National Prisoner of War Museum in Andersonville GA was dedicated April 09, 1998 while crowds estimated as upwards to 5,000 attend, many of them American Ex-Prisoners of War, and in many cases their wives.
I attended the dedication of this museum monument as the Vice-President of the Combat Veterans Group, an organization formed to support the therapy for Combat Related Post Trauma Stress Disorder at the Dublin GA Veteran Administration's Carl Vinson Medical Center.
We called off the CVG meeting and the therapy session for the day so members of CVG who could make it would have the opportunity to attend the dedication. A number of members, and some brought their families with them, came to the dedication including Dr. Martineau, many of CVG's officers, several of the CVG's Ex-POW members, and other members of CVG.

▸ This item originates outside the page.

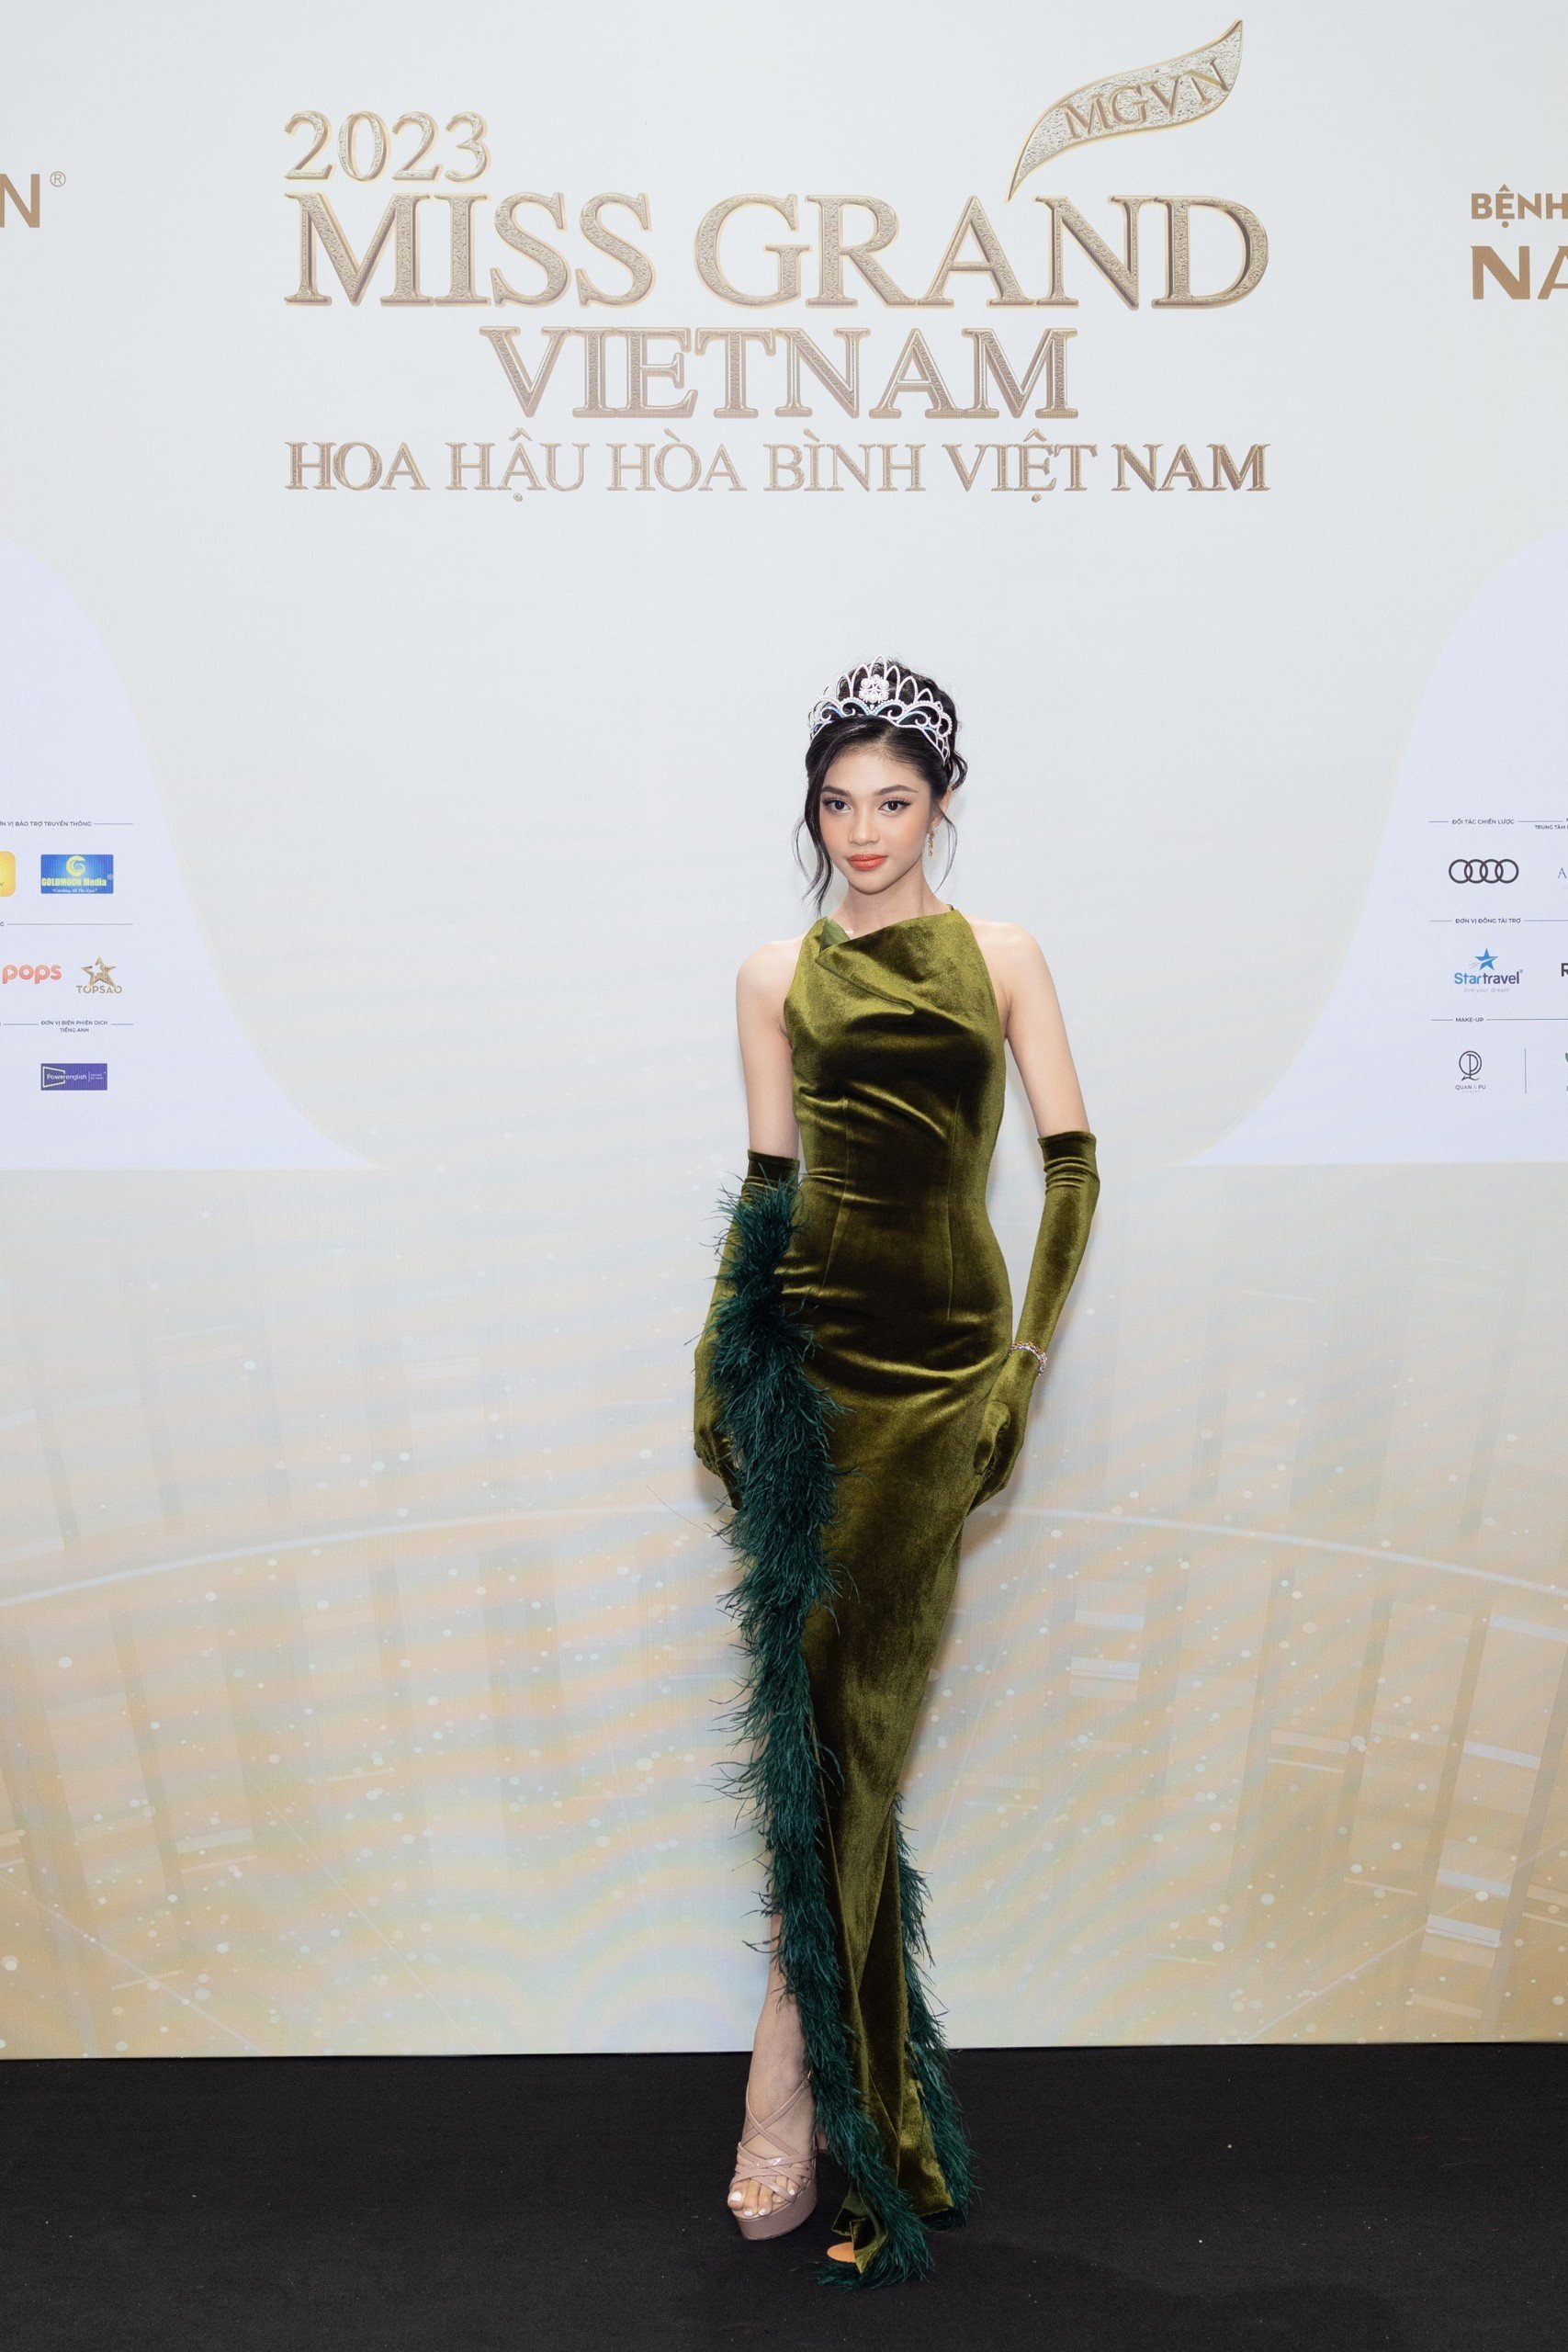 Thảm đỏ chung khảo toàn quốc Miss Grand Vietnam 2023: Huỳnh Minh Kiên khoe đường cong, Thuỳ Tiên kín đáo vẫn đẹp - ảnh 4

Macon GA Channel 13's News crew was there to record the dedication activities and chose to spend some of their time recording our presents there. They, also, took the time to interview some of us including Gus Allbitton, President of the Combat Veterans Group; Scotty Aycock, Co-President of the CVG; Dr. Bolivar Martineau, our therapist; and Joe Paulk, CVG Member and Ex-POW.
The Dedication, starting at 1030hrs, included speeches and presentations by John Romine, Chaplain American Ex-Prisoners of War; Sanford Bishop, United States Congressman; William Fornes, American Ex-Prisoners of War; Jerry Belson, Southeastern Regional Director of the National Park Service; Zell Miller, Governor of the State of Georgia; Wayne Hitchcock, National commander of the Ex-Prisoners of War; Griffin Bell, former U.S. Attorney General; John McCain, United States Senator and Ex-Prisoner of War; Robert Phillips, Chaplain of the American Defenders of Bataan & Corregidor; Fred Boyles, Superintendent of the Andersonville National Historic Site.
The Marine Corps Band of Albany GA under the direction of MSgt Ross Bennett provided music for the festivities, a Joint Arm Forces Color Guard presented the National Colors, and The Partners of the Project were in charge of the ribbon cutting.
This was a well put together ceremony, and most everyone seemed to appreciate the activities. While with this many people there can be expected a little bit of hassle factors this was kept at a minimum. Various members of the Armed Forces, and members of the GA State Patrol provided efficient parking and traffic control. There were shuttles provided from the parking area to the Museum. A LARGE tent was setup as shelter for the speeches before the ribbon cutting. Inside the tent there were close circuit televisions that offered better viewing of the speakers for those in the back of the tent. This sort of made all seats in the tent good seats for the activities.
VHS tapes of the Museum including interviews with Ex-POWs from various wars that the United States has participated in. (I believe my description of this is film is correct, but I will not have an opportunity to see it for a few weeks.) Also, there is a VHS Tape of the Dedication Ceremonies that was on sell by order. For those interested a copy of the Order Form for these VHS Tapes is on my WebSite at http//www.tbass.com which can be printed and sent to the address included with the order form.
The museum opened to the public with the conclusion of the Ribbon Cutting Ceremony. Many of the people crowded in for a their first view of the actual National Prisoner of War Museum. There were so many people going in that I decided to not try to go into the museum at this time.. This both got me out of the crowd and made a little more room for those who had traveled much further to see it. I can always go see it at a later date.